In this use of the MAP gel as a regenerative scaffold in a small animal osteochondral defect model, the feasibility of delivery and annealing of an injectable, flowable scaffold to a clinically relevant critical cartilage defect model has been demonstrated. The gel was found to fill the defect and the gel demonstrated object permanence with maintenance of its structure and position up to the 8 week time point. Of note, in control treated cartilage defects without treatment with MAP gel, the osteochondral defects appeared to contract and fill with scar and subchondral bone.

Histologic evaluation showed the lack of an inflammatory response to the MAP gel and excellent tissue integration (see FIGS. 4A-4C). Glycosaminoglycan rich tissue, found in cartilage, was also noted to migrate across the surface of the MAP gel, which could signify a re-establishment of the previously damaged articular cartilage across the defect (see FIGS. 4A-4C).

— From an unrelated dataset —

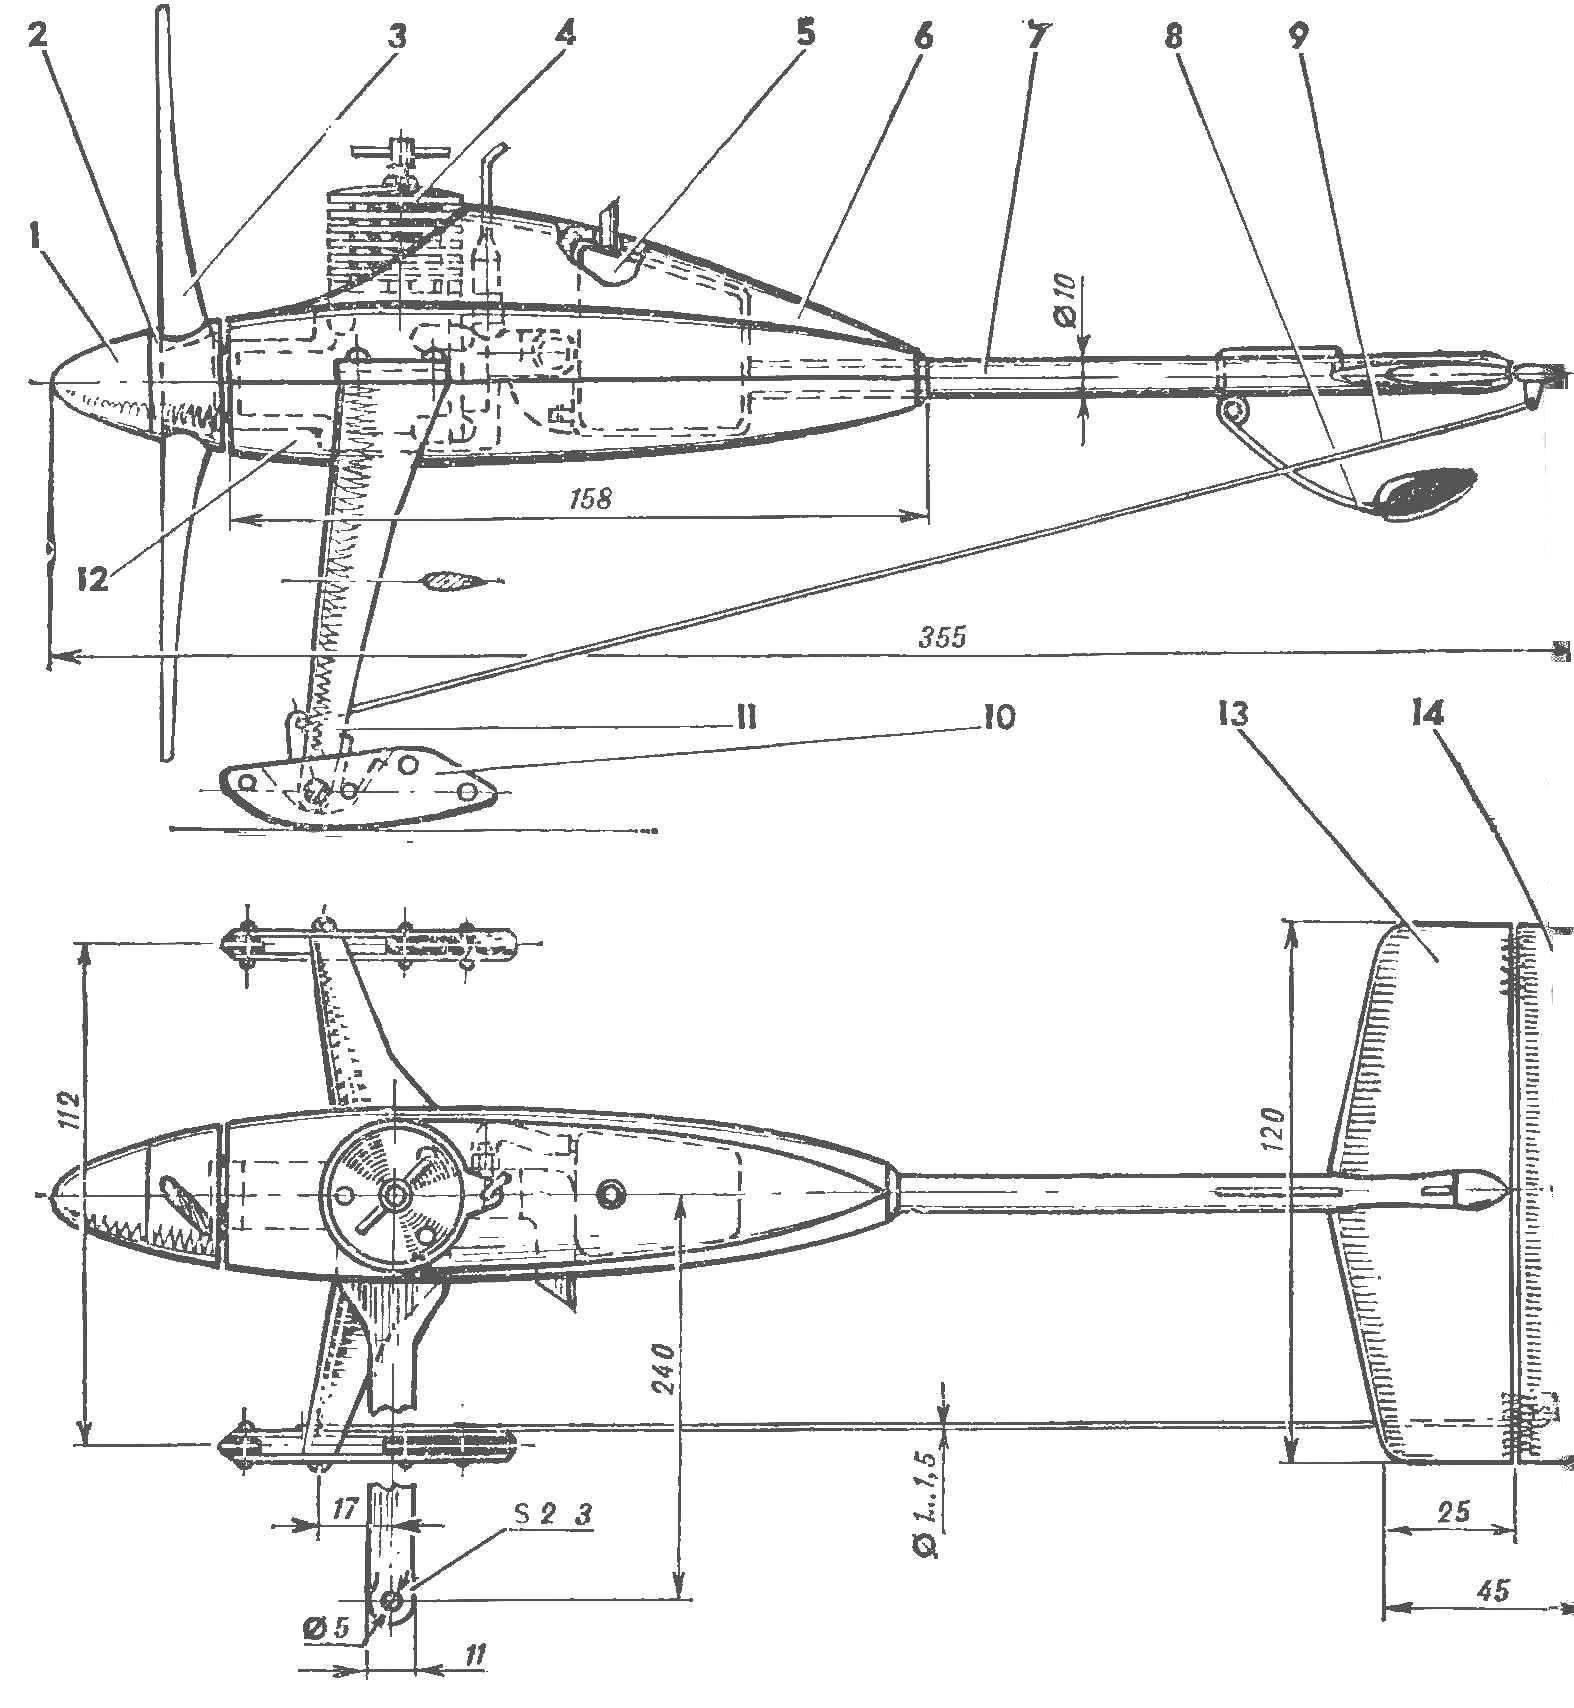 Racing control line model planes

It is unclear at this time the clinical significance of the MAP gel maintaining the width and depth of the osteochondral defect; however, it is hypothesized that this feature allows the MAP gel to provide a stable scaffold for more organized deposition of host tissue. However, definitive cartilaginous ingrowth within the gel has not been absolutely confirmed on histologic evaluation. Nonetheless, the presently disclosed subject matter successfully demonstrated the feasibility of utilizing a base formulation of a MAP gel that provide a stiffness matched to articular cartilage as an effective scaffold in an osteochondral defect. The “plug and play” nature of the MAP gel provides the option of further tuning the mechanical properties and to incorporate key signaling extracellular cellular matrix components, cytokines, growth factors, and cells, such as chondroitin sulfate, TGF-β, and mesenchymal stem cells, or chondrocytes to promote cartilaginous ingrowth and augment its efficacy.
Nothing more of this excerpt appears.